While both taste and extrinsic attributes influenced a consumer’s liking for a bottle of wine, packaging and brand were the biggest influences.

The results of the study are surprising.

While the study shows extrinsic attributes such as packaging can play a more significant role in determining consumers’ liking of wine than taste, Mueller says the best advice for food and beverage producers is to ensure taste and packaging are equally as good.

In another study, Mueller and colleagues at the Australian Wine Research Institute found the price of wine to have a significant influence on consumers’ repurchase intent. In the first stage of the study, participants chose one of 21 Australian vintage Shiraz wines based on the extrinsic attributes of each wine. This included packaging, price and brand. Participants then tasted the wine while aware of its retail price, before deciding whether or not they would repurchase the wine.

Mueller and colleagues found that a combination of extrinsic attributes, taste and price, positively influenced purchase intent. Also, the more often a wine was chosen in the first stage of the study, the more likely participants were to repurchase the wine after tasting it.

Despite the importance of reasonable prices and attractive packaging, no wine is good wine if it doesn’t taste good, says winemaker Scott Hazeldine who has been in the business for the past ten years (the latter two with Schild Estate in the Barossa Valley).

“Taste is first and foremost in what we’re trying to achieve, however, that’s only one small component; packaging and price are equally as important,” he says.

“There’s a lot of good wine out there that doesn’t sell because it’s at the wrong price or the packaging is bad.”

Top factors that influence consumers’ liking of wine:

1. Packaging (46%)
2. Brand (27%)
3. Sensory attributes/taste
4. Grape variety
5. Wine region

Top factors that influence consumers’ purchase intent: 

1. Informed liking (a combination of sensory and extrinsic attributes) (77%)
2. Price (21%)
Note: the influence of packaging, wine region, sensory attributes/taste, grape variety and brand were less than 1% each.

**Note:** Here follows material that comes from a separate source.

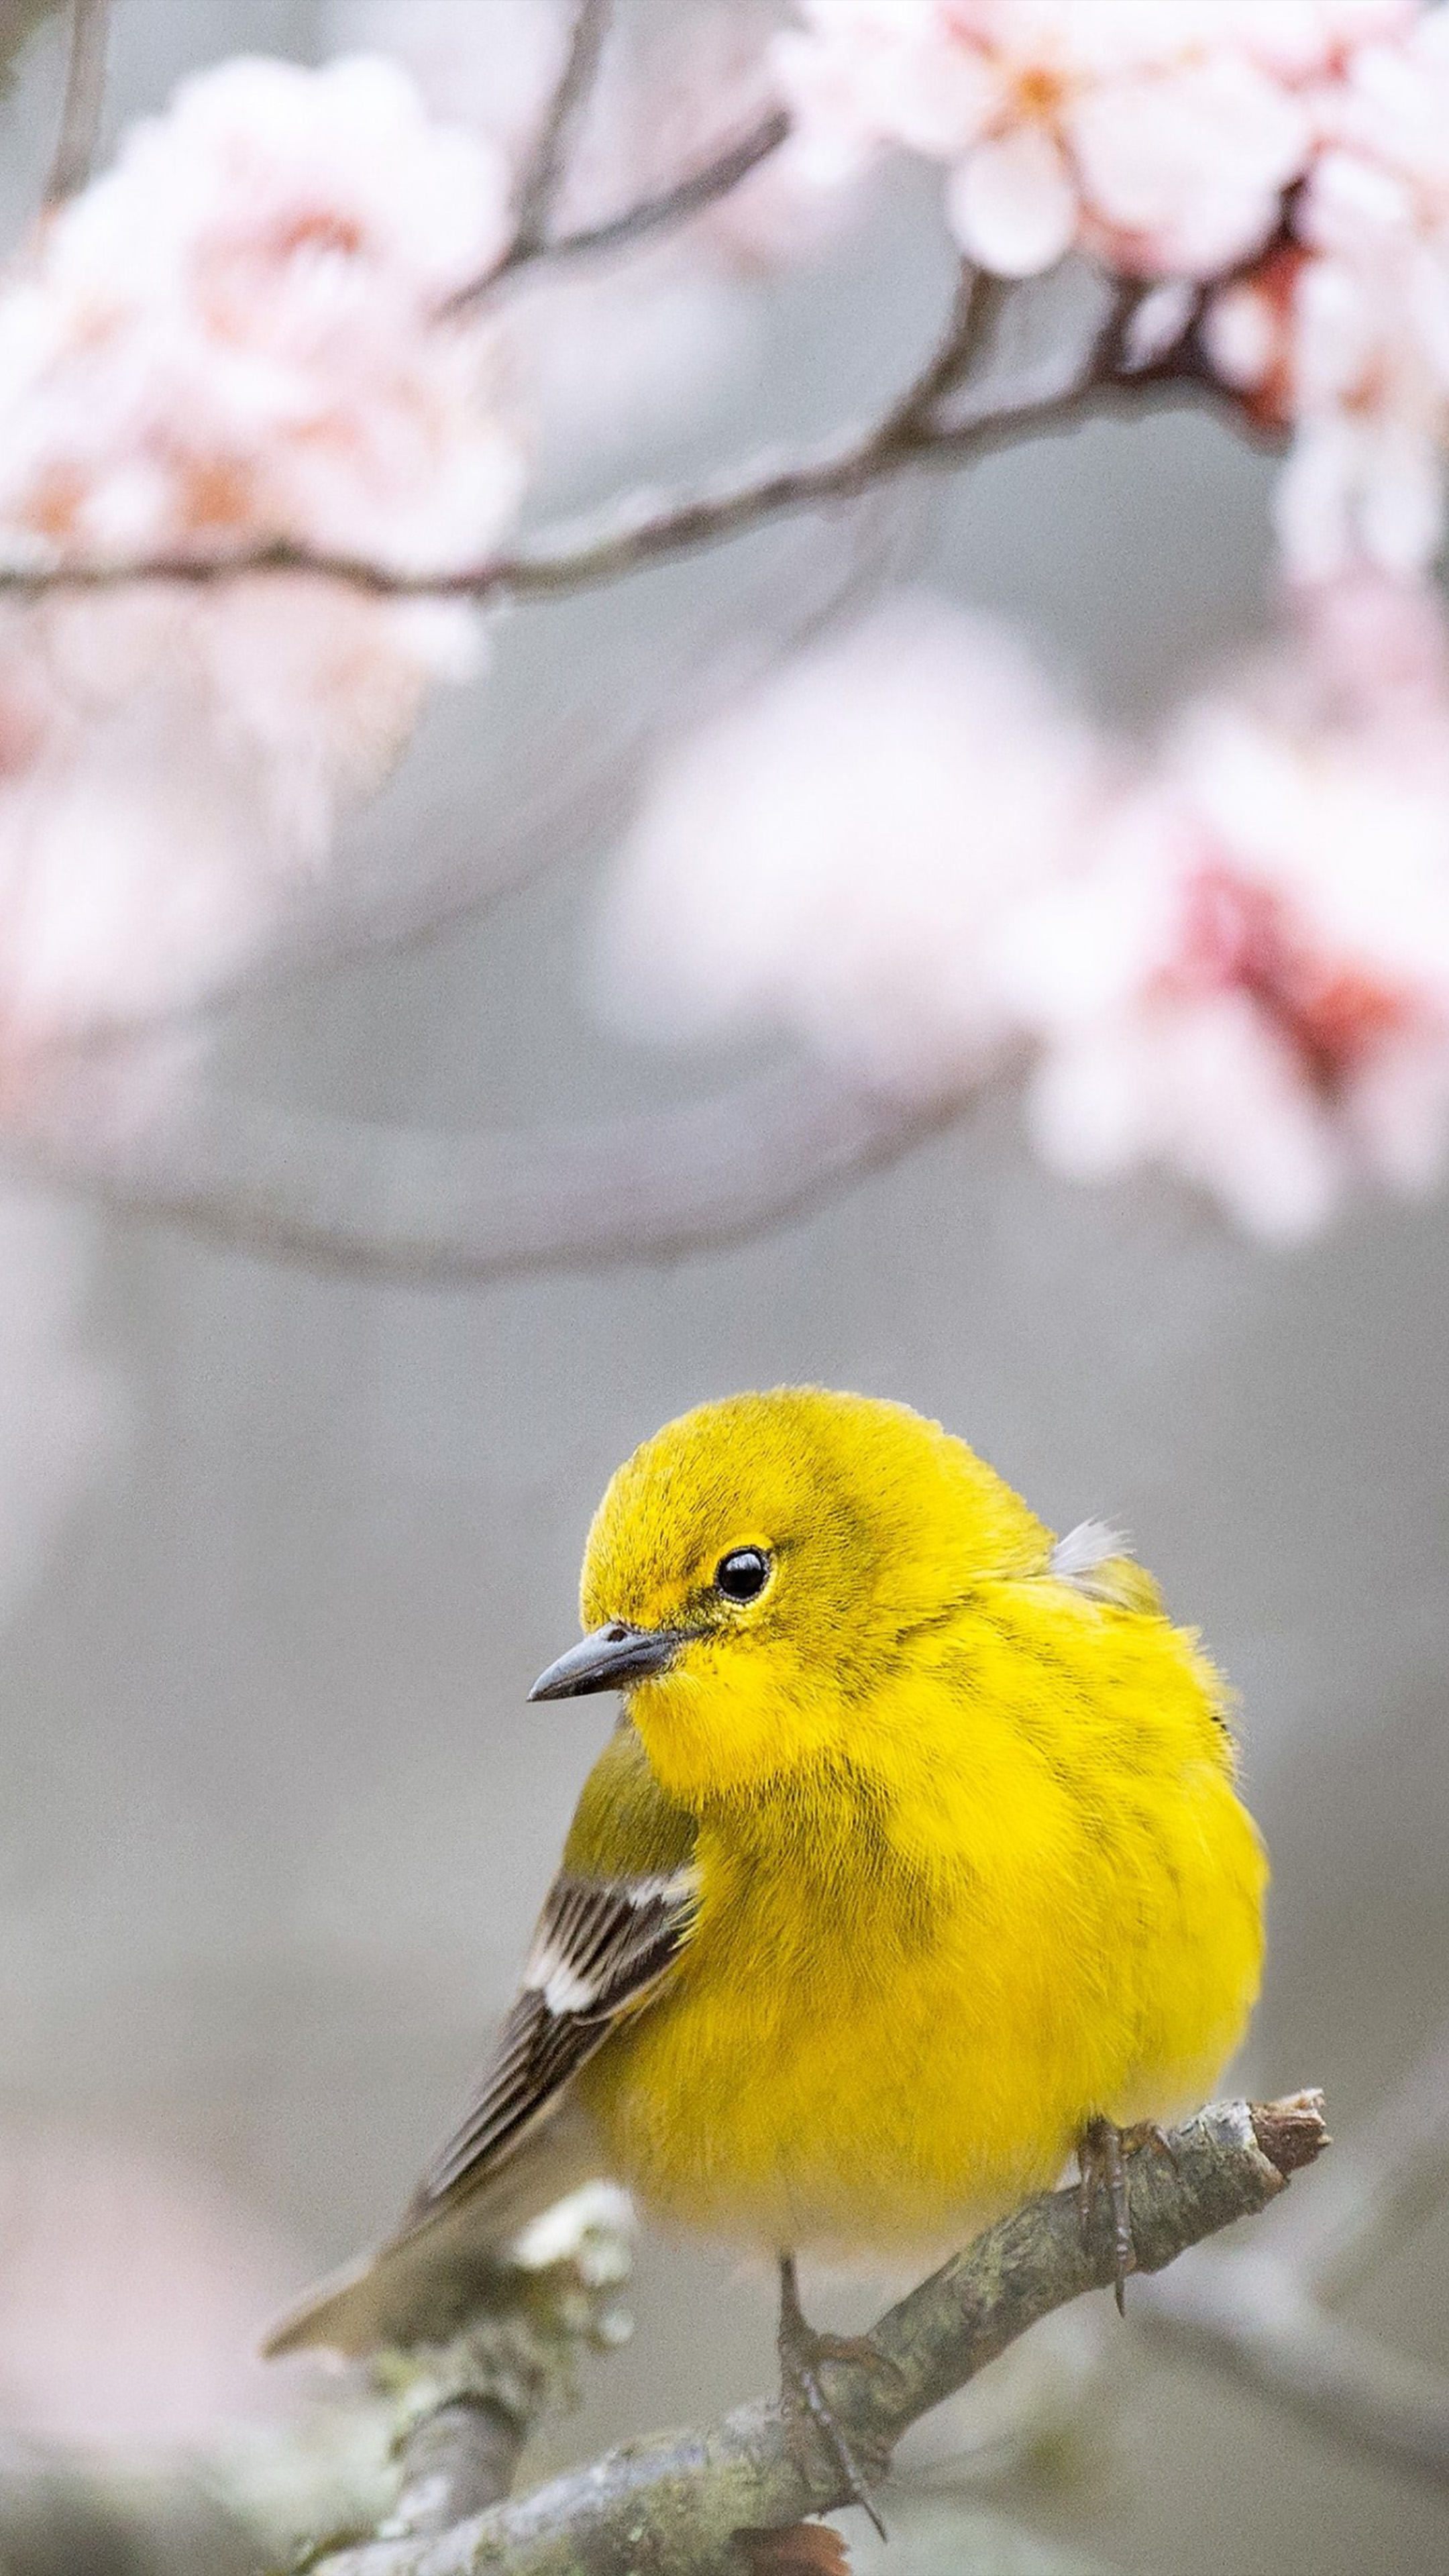 Pine Warbler Yellow Bird 4k Ultra Hd Mobile Wallpaper
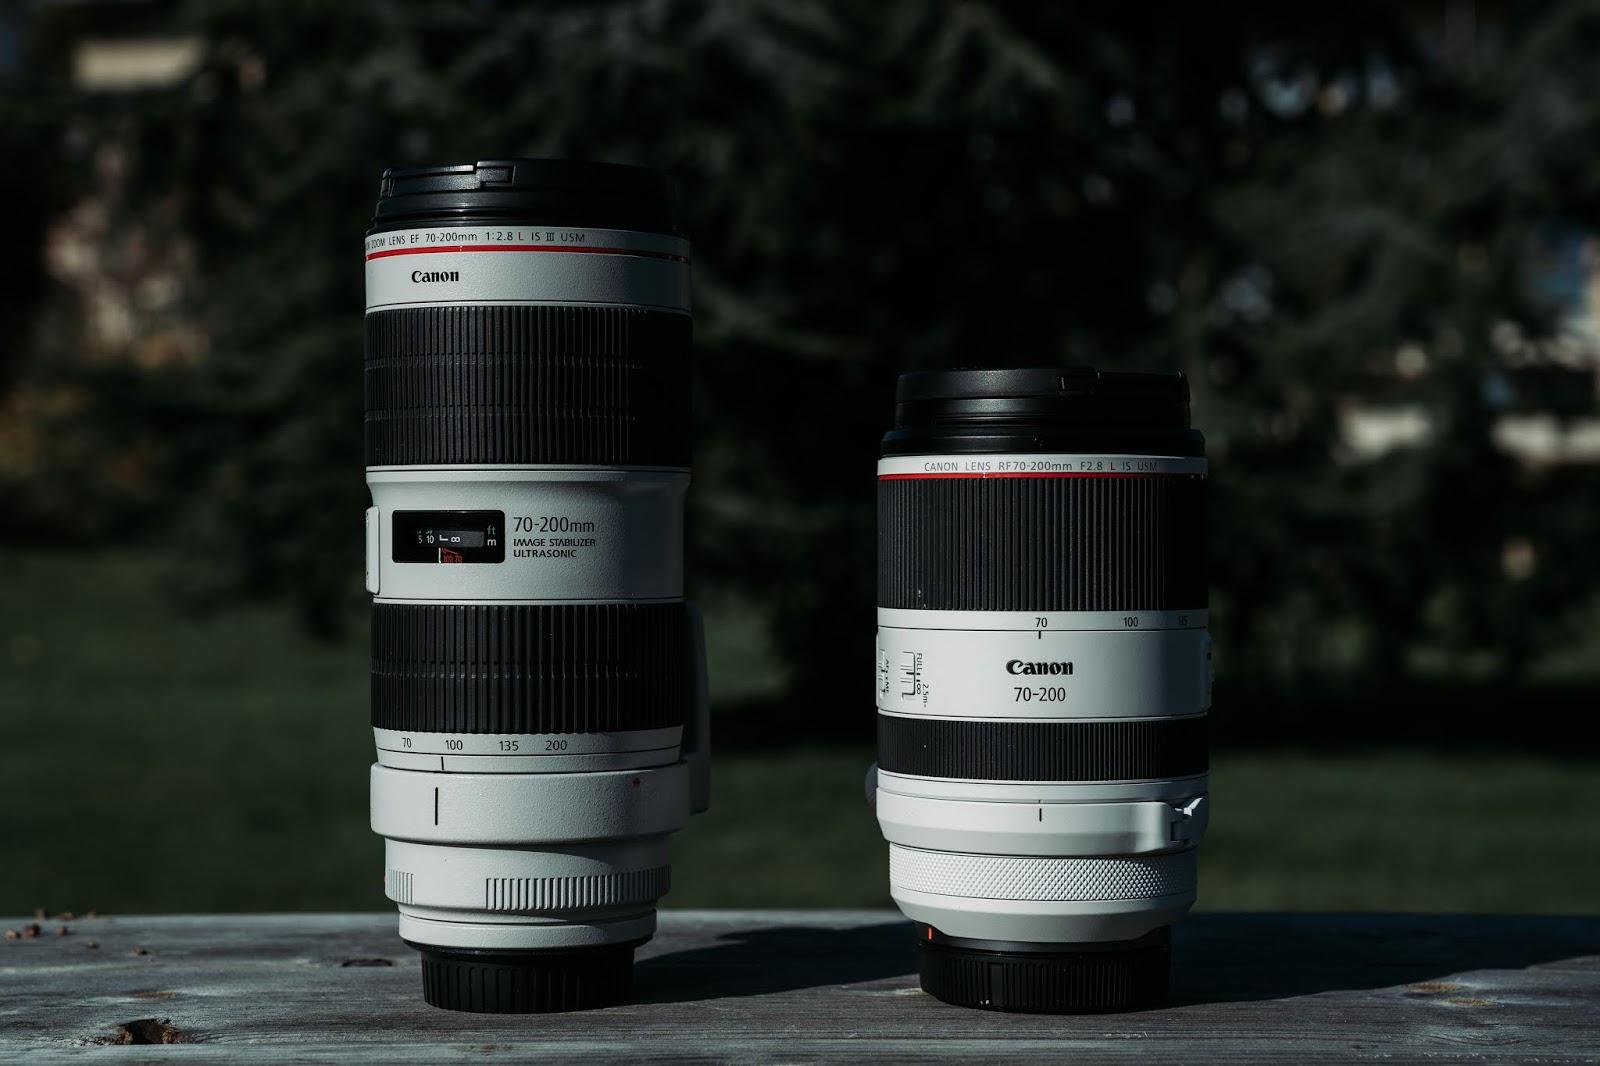 Two new Canon RF Lenses

2 responses to “Packaging versus taste: What consumers look for when buying wine

  1. Declan MacFadden

    Interesting article. Would you agree that for repeat purchases taste & sensory attributes would far outweigh all other factors.

    • Thanks Declan. Yes, I would agree with you, although I am not aware of any research evidence. However, one can question whether repurchase is driven by the pleasant sensory attributes at each new tasting or the memories of the first experience. Cognitive psychologists may argue for the latter while sensory scientists may believe in the former.